Those featues were then, converted to one of the following encodings for training:
1. [Bag of Words](http://scikit-learn.org/stable/modules/generated/sklearn.feature_extraction.DictVectorizer.html#sklearn.feature_extraction.DictVectorizer)
2. [Count](http://scikit-learn.org/stable/modules/generated/sklearn.feature_extraction.text.CountVectorizer.html#sklearn.feature_extraction.text.CountVectorizer)
3. [Tf-idf](http://scikit-learn.org/stable/modules/generated/sklearn.feature_extraction.text.TfidfVectorizer.html#sklearn.feature_extraction.text.TfidfVectorizer)
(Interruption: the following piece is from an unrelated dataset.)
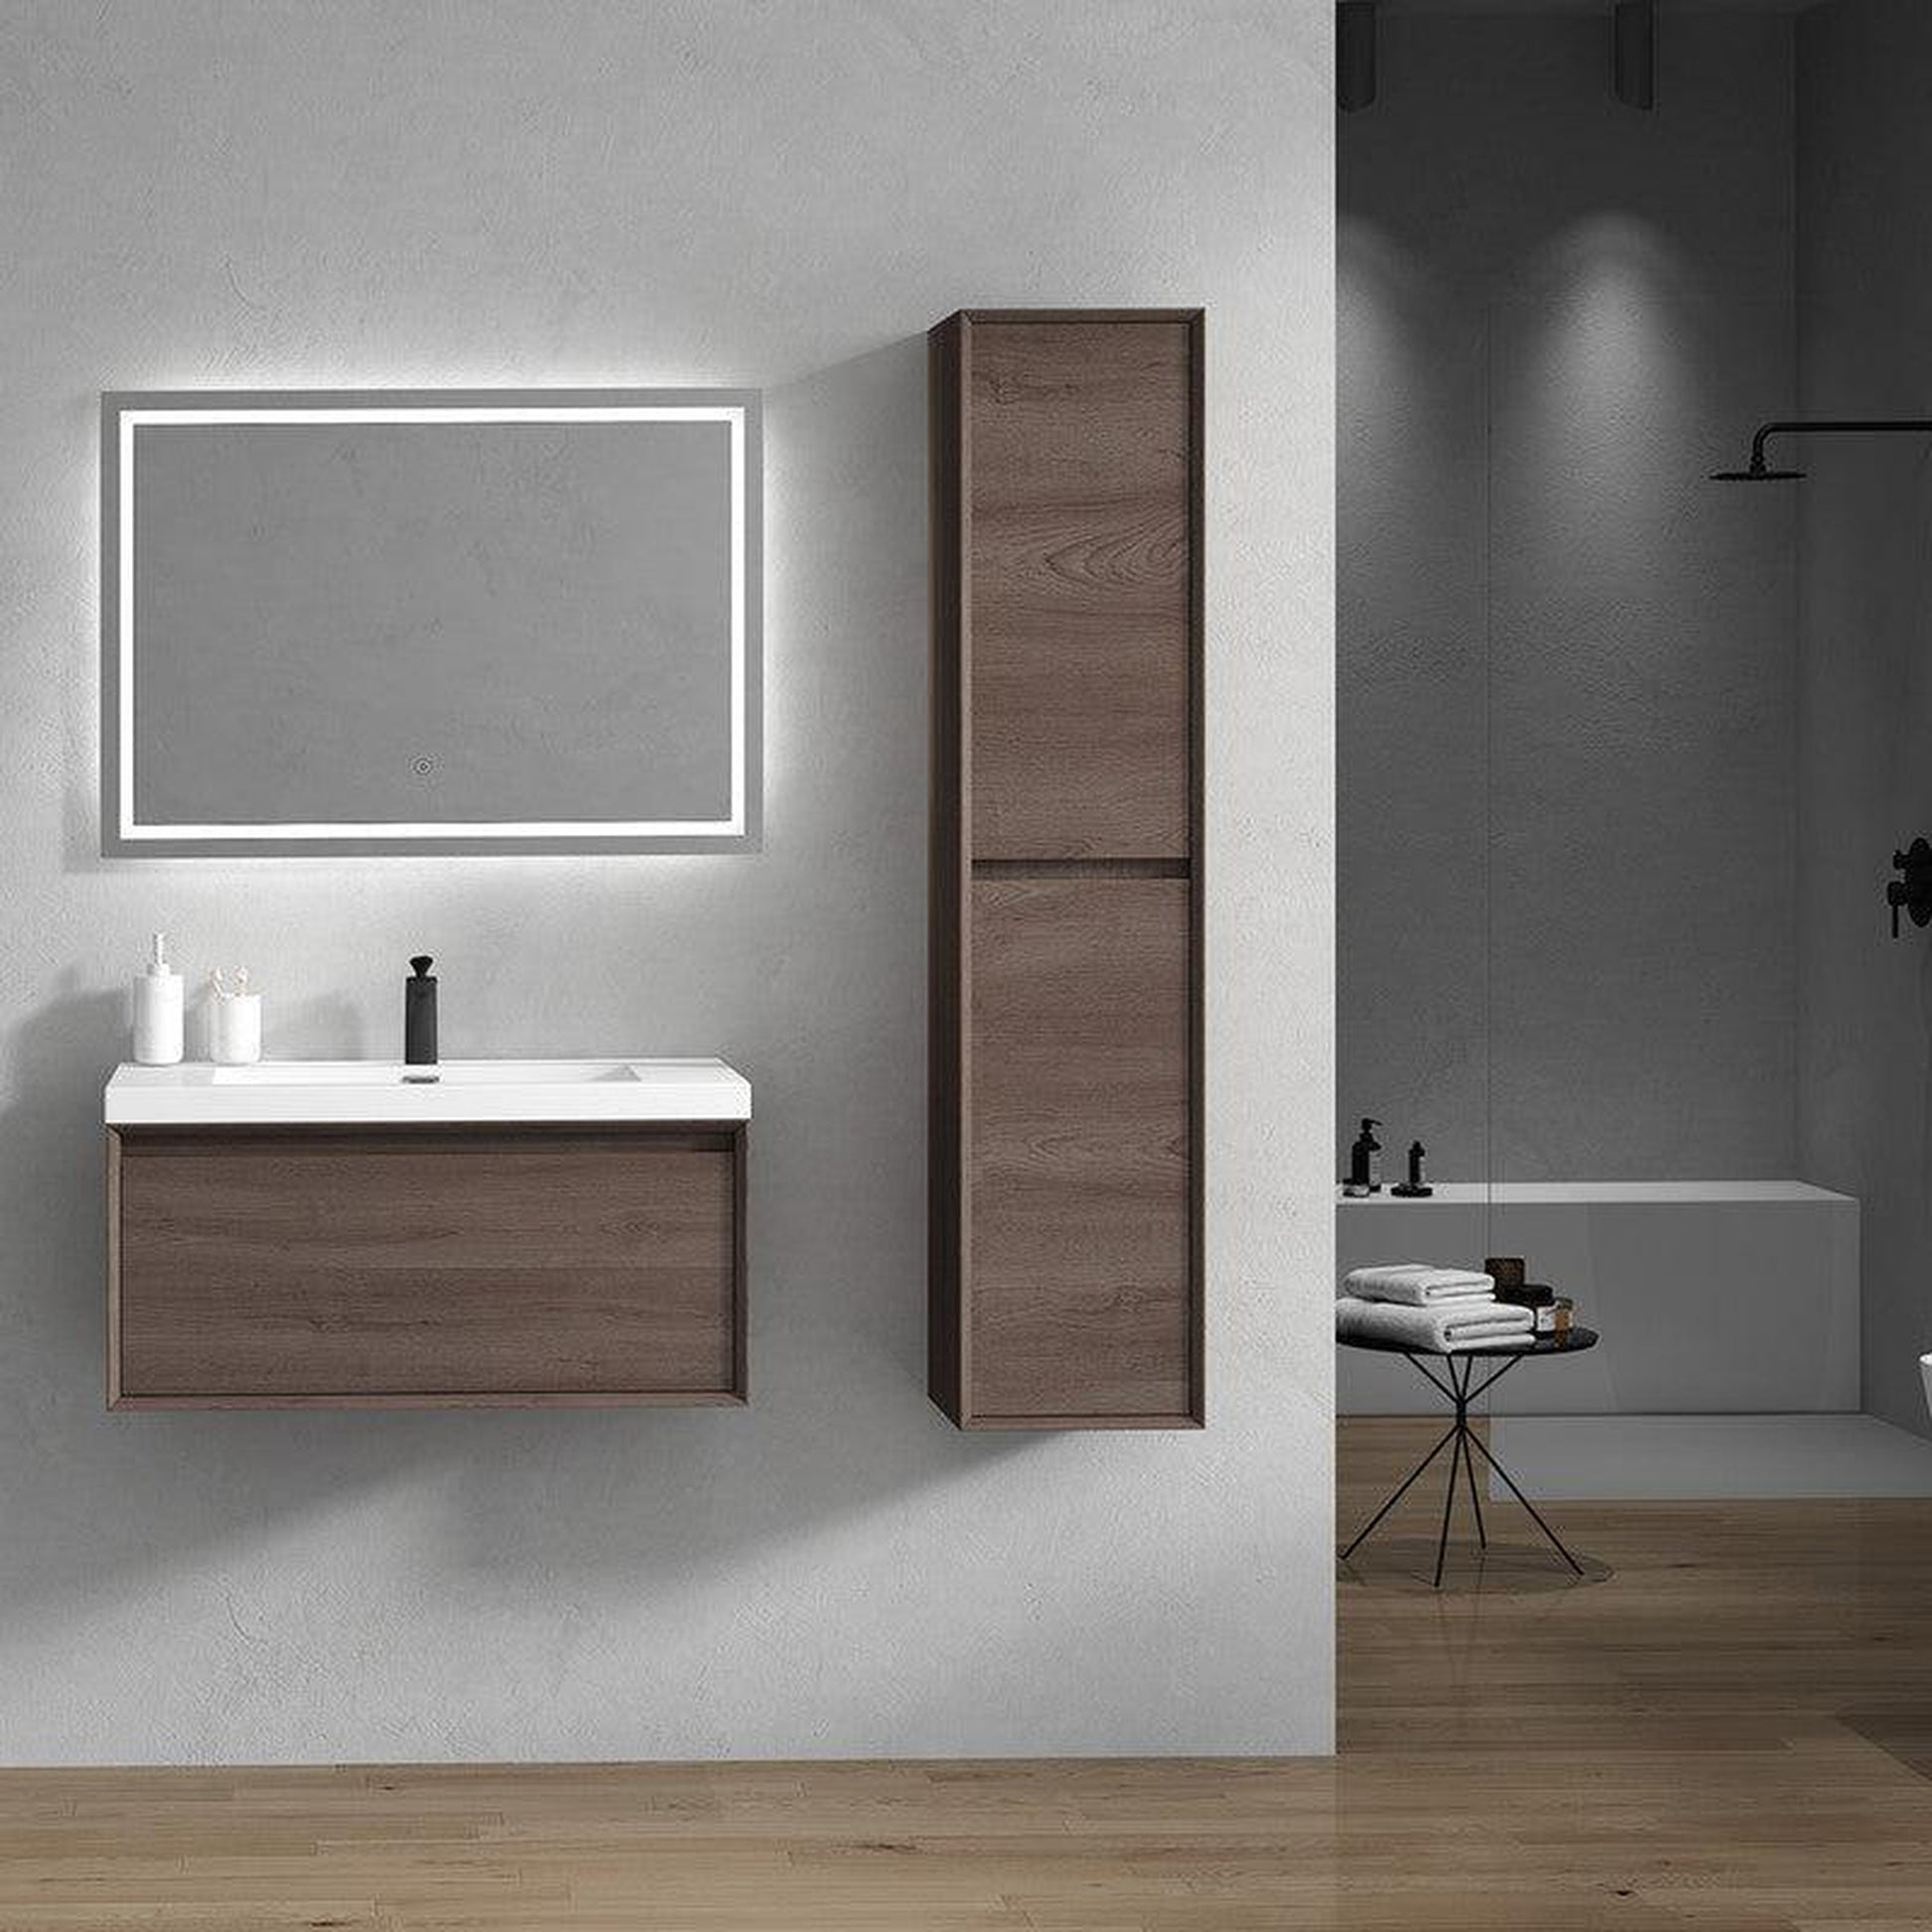 Moreno Bath BELLA 36" Red Oak Wall-Mounted Vanity With Single Reinforced White Acrylic Sink

Following is the code for featurizing the input:

In [10]:
def featurize(corpus):
    tokenizer = TweetTokenizer(preserve_case=False, reduce_len=True, strip_handles=True).tokenize
    vectorizer = TfidfVectorizer(strip_accents="unicode", analyzer="word", tokenizer=tokenizer, stop_words="english")
    X = vectorizer.fit_transform(corpus)
    return X

We tried out multiple ML classifiers with different features and also, did comparative study.
The following classifiers were tried:

1. [Naive Bayes](http://www.nltk.org/api/nltk.classify.html#module-nltk.classify.naivebayes)
2. [Decision Tree](http://www.nltk.org/api/nltk.classify.html#module-nltk.classify.decisiontree)
3. [MaxEnt](http://www.nltk.org/api/nltk.classify.html#module-nltk.classify.maxent)
4. [GIS](http://www.nltk.org/api/nltk.classify.html#module-nltk.classify.maxent)
5. [IIS](http://www.nltk.org/api/nltk.classify.html#module-nltk.classify.maxent)
6. [Bernoulli Naive Bayes](http://scikit-learn.org/stable/modules/generated/sklearn.naive_bayes.BernoulliNB.html)
7. [Decision Tree Classifier](http://scikit-learn.org/stable/modules/generated/sklearn.tree.DecisionTreeClassifier.html)
8. [Extra Trees Classifier](http://scikit-learn.org/stable/modules/generated/sklearn.ensemble.ExtraTreesClassifier.html)
9. [Gausian Naïve Bayes](http://scikit-learn.org/stable/modules/generated/sklearn.naive_bayes.GaussianNB.html)
10. [Gradient Boosting Classifier](http://scikit-learn.org/stable/modules/generated/sklearn.ensemble.GradientBoostingClassifier.html)
11. [K Nearest Neighbours Classifier](http://scikit-learn.org/stable/modules/generated/sklearn.neighbors.KNeighborsClassifier.html)
12. [Logistic Regression](http://scikit-learn.org/stable/modules/generated/sklearn.linear_model.LogisticRegression.html)
13. [Linear Support Vector Classifier](http://scikit-learn.org/stable/modules/generated/sklearn.svm.LinearSVC.html)
14. [Multinomial Naïve Bayes](http://scikit-learn.org/stable/modules/generated/sklearn.naive_bayes.MultinomialNB.html)
15. [Nu-Support Vector Classifier](http://scikit-learn.org/stable/modules/generated/sklearn.svm.NuSVC.html)
16. [Random Forest Classifier](http://scikit-learn.org/stable/modules/generated/sklearn.ensemble.RandomForestClassifier.html)
17. [Support Vector Classifier](http://scikit-learn.org/stable/modules/generated/sklearn.svm.SVC.html)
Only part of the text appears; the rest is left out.